0

I am attempting to write a string directly into a Django FileField by way of ContentFile.

In doing so, I get a reproducible

TypeError: Unicode-objects must be encoded before hashing

error when attempting to save the contents of this file to the database, which traces through the s3boto3 lib.

The exact source of this error is difficult to suss out.

But let's state the question plainly, in Python 3, on Django 2.2.x, what is the correct way to take a csv file created with the csv lib from Python, and save that into a Django FileField backed by Amazon S3?

This question, and my approach, is inspired by this entry on SO Django - how to create a file and save it to a model's FileField? - however, given the age of the answer, some detail relevant to newer versions of Django appear to have been left out? Difficult to tell.

Example code producing the error in question, truncated for privacy and relevance

def campaign_to_csv_string(campaign_id):
    csv_string = io.StringIO()

    campaign = Campaign.objects.get(pk=campaign_id)
    checklist = campaign.checklist

    completed_jobs = JobRecord.objects.filter(appointment__campaign=campaign)
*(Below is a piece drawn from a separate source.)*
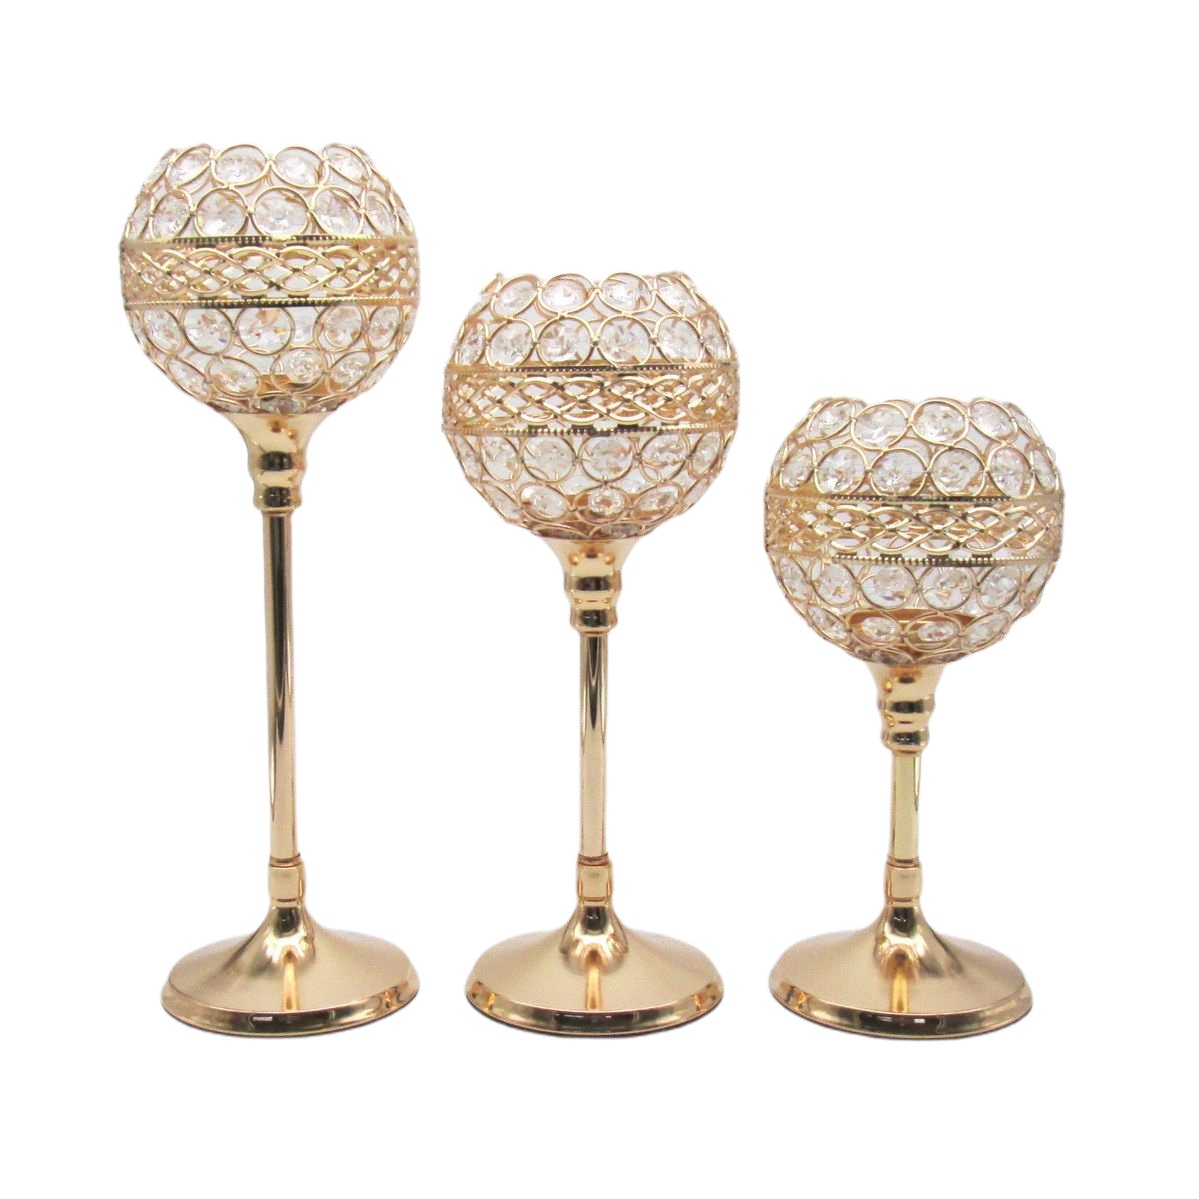 キャンドルホルダー ワイングラス風 クリスタル装飾 キラキラ (ゴールド, 大中小3個セット) | 輸入インテリア雑貨モノッコ

    writer = csv.writer(csv_string)

    # A bunch of writing to the writer here

    # string looks good at this point

    return csv_string.getvalue()

calling function

    csv_string = campaign_to_csv_string(campaign_report.campaign.pk)

    campaign_report.last_run = datetime.datetime.now()

    campaign_report.report_file.save(str(campaign_report_pk) + '.report', ContentFile(csv_string))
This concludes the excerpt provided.